**Exercise**
Reproduce every line below exactly as written; do not include the images.

**Collected data**
>>>>>

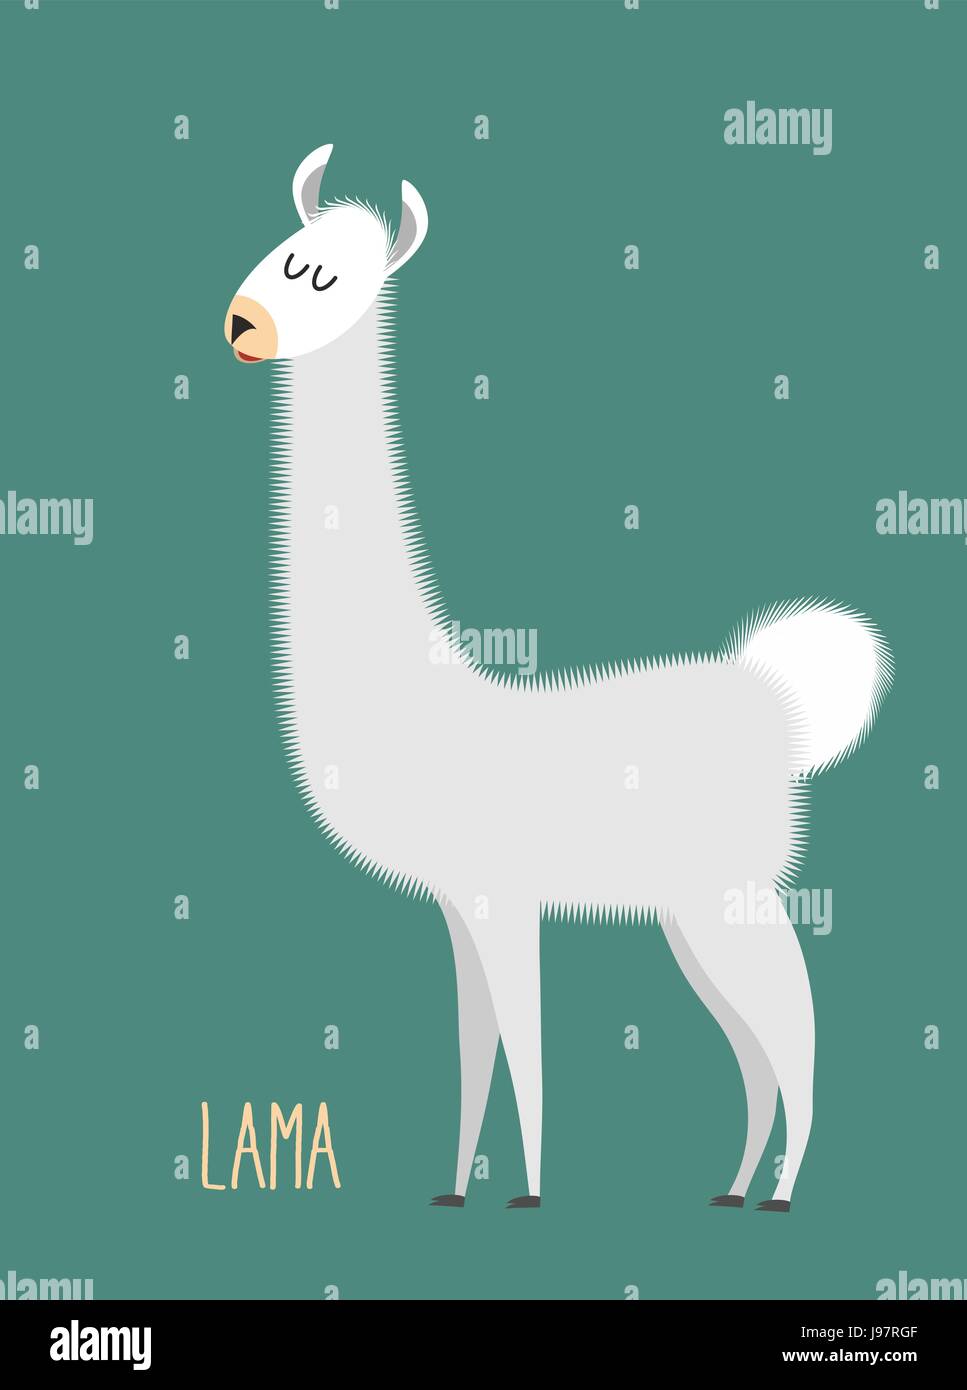 Llama Alpaca. Lama animal sur un fond vert. Vector illustration Illustration de Vecteur
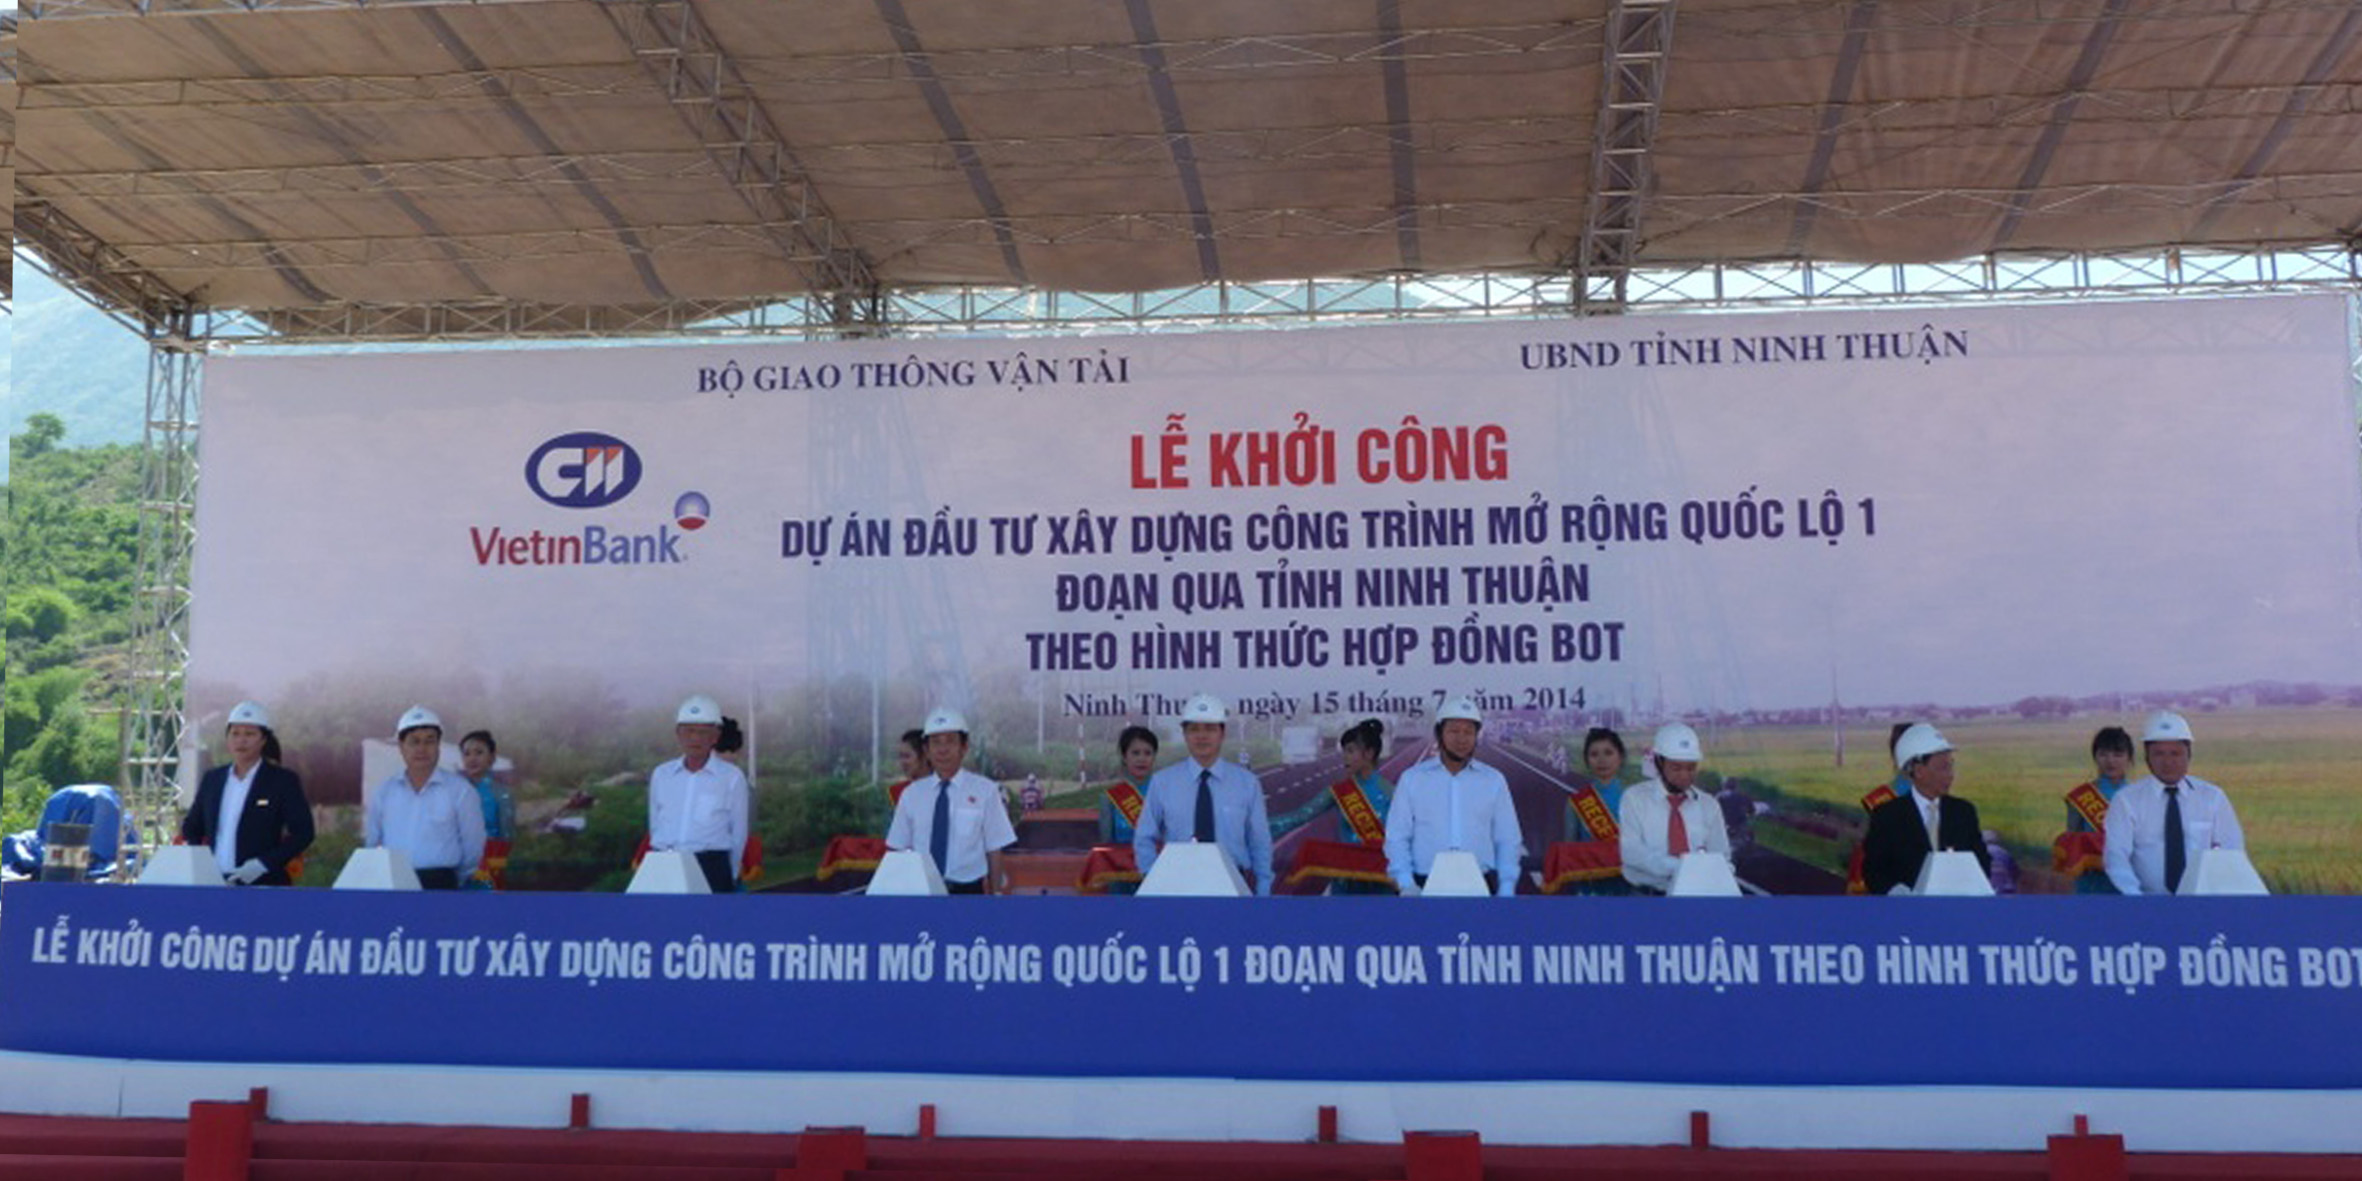 1A National Road in Phan Rang  - Ninh Thuan expanding project
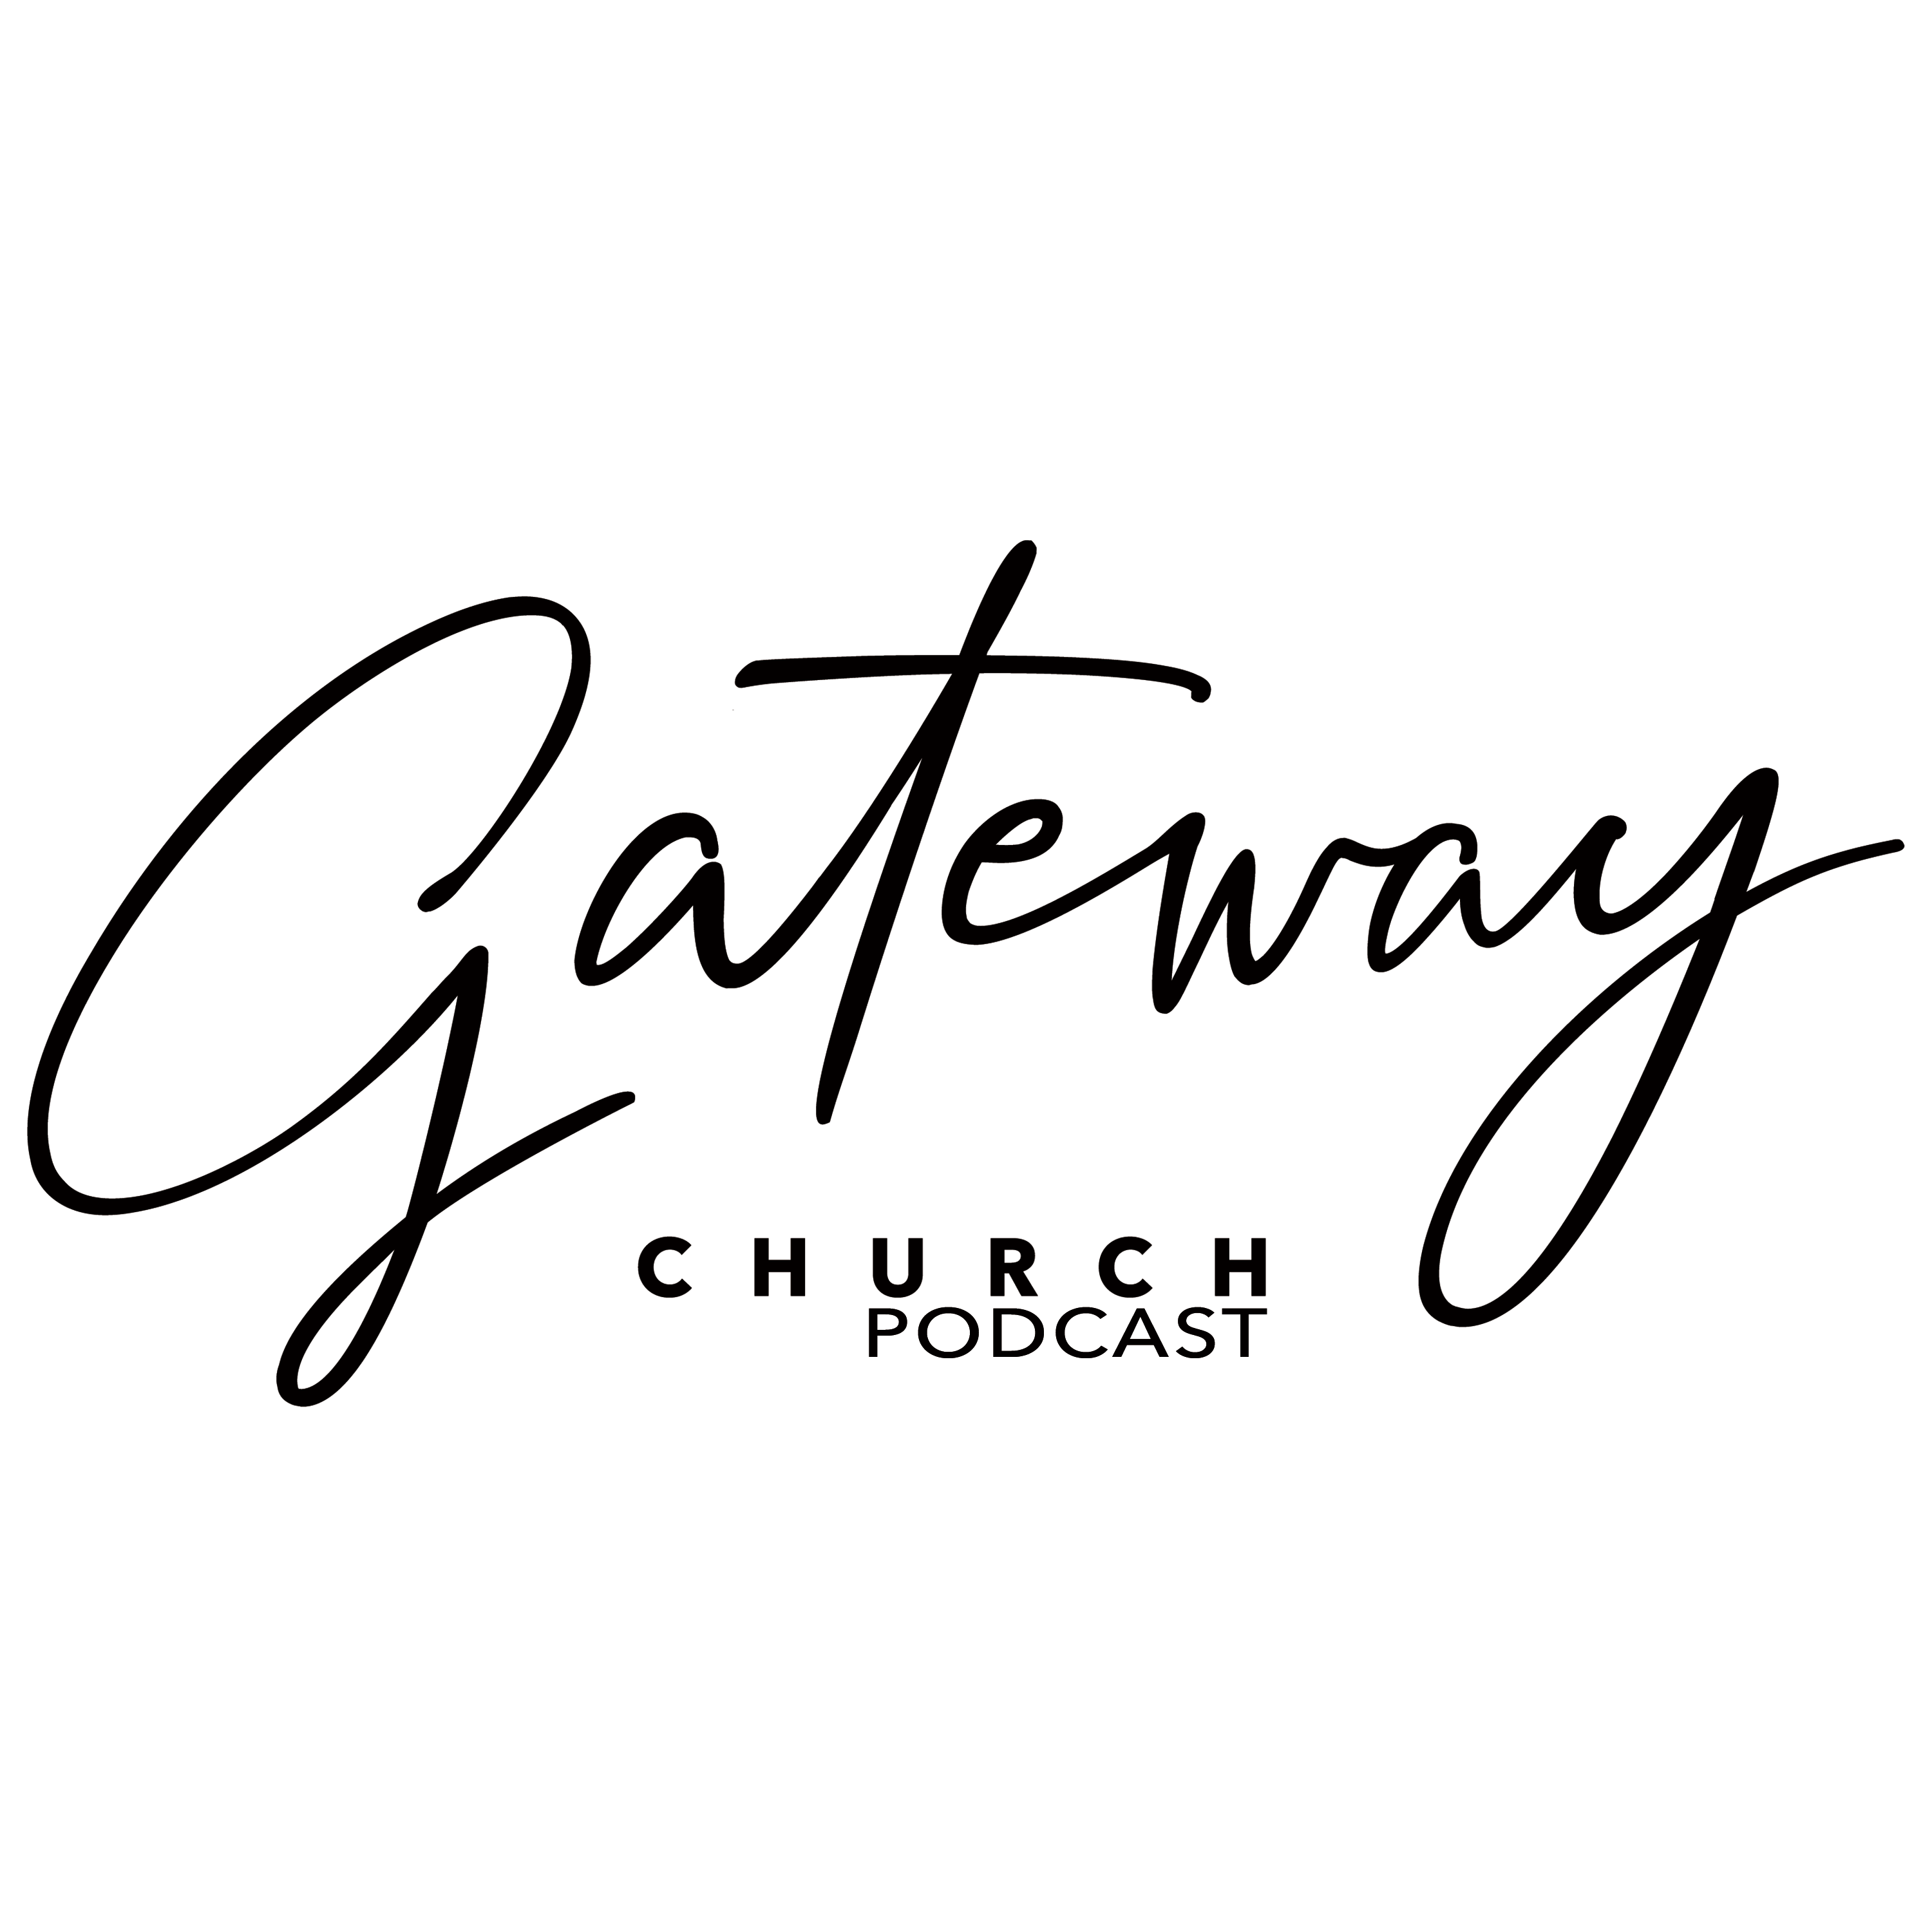 Gateway Church: Christian Sermons and Teaching
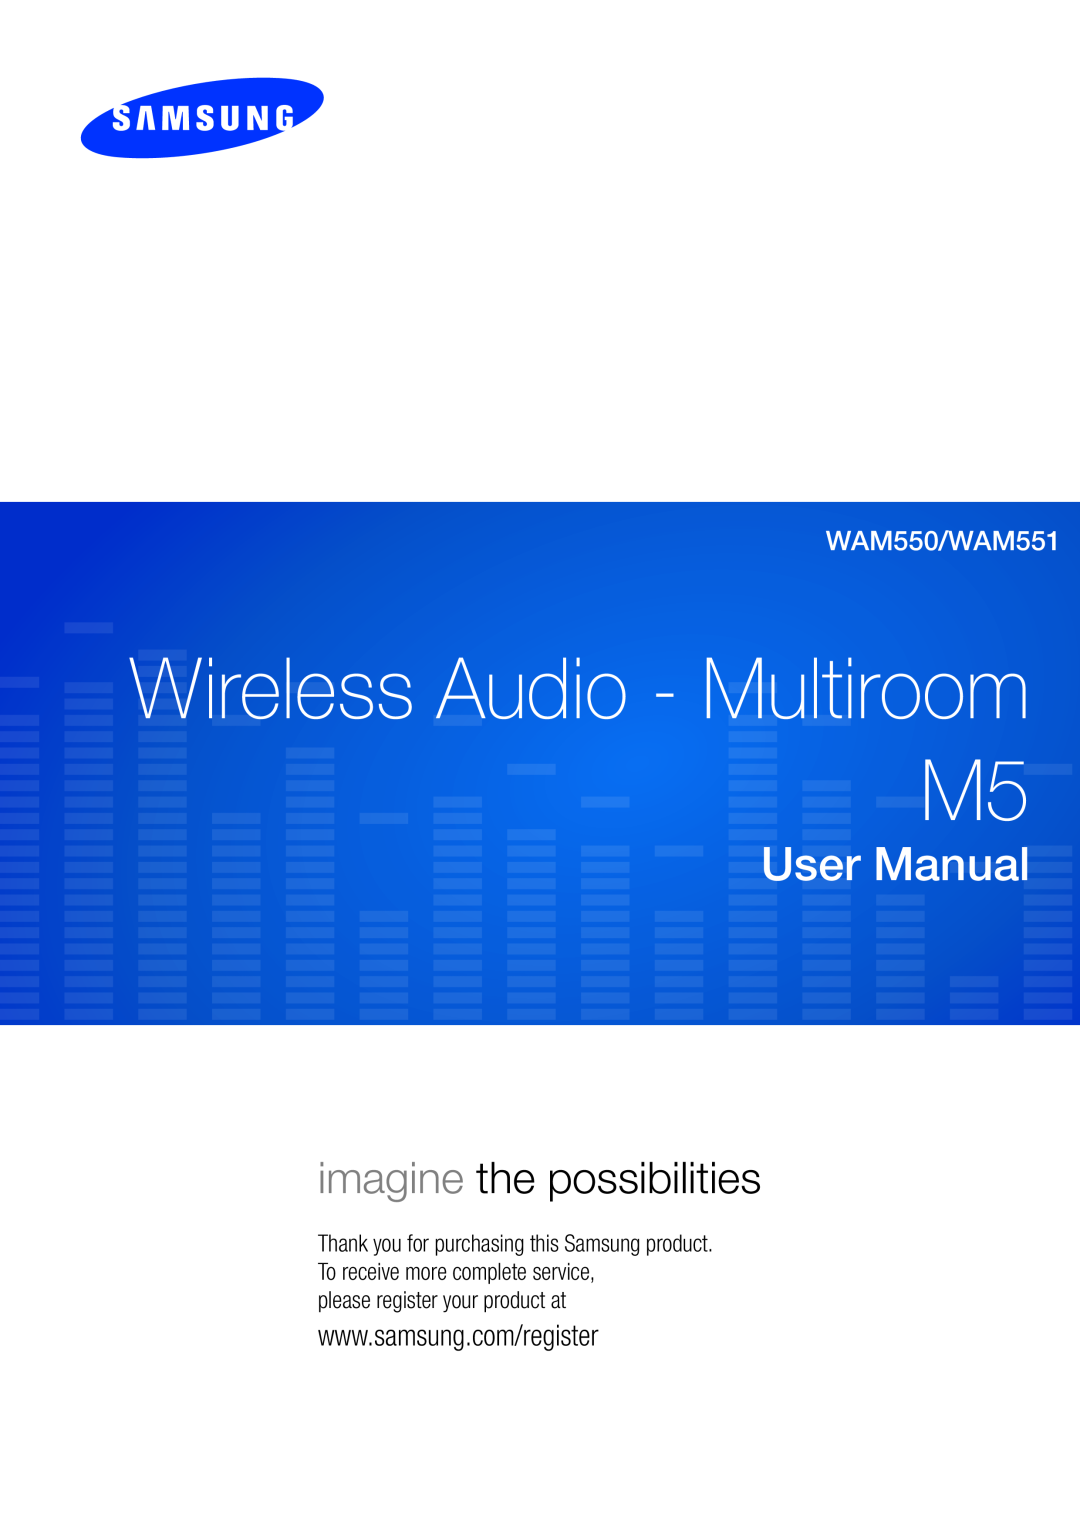 Samsung user manual Wireless Audio - Multiroom, User Manual, imagine the possibilities, WAM550/WAM551

<<<<<

**Solution for this task**
 Llama Alpaca. Lama animal sur un fond vert. Vector illustration Illustration de Vecteur
 1A National Road in Phan Rang  - Ninh Thuan expanding project
 Gateway Church: Christian Sermons and Teaching
 Samsung user manual Wireless Audio - Multiroom, User Manual, imagine the possibilities, WAM550/WAM551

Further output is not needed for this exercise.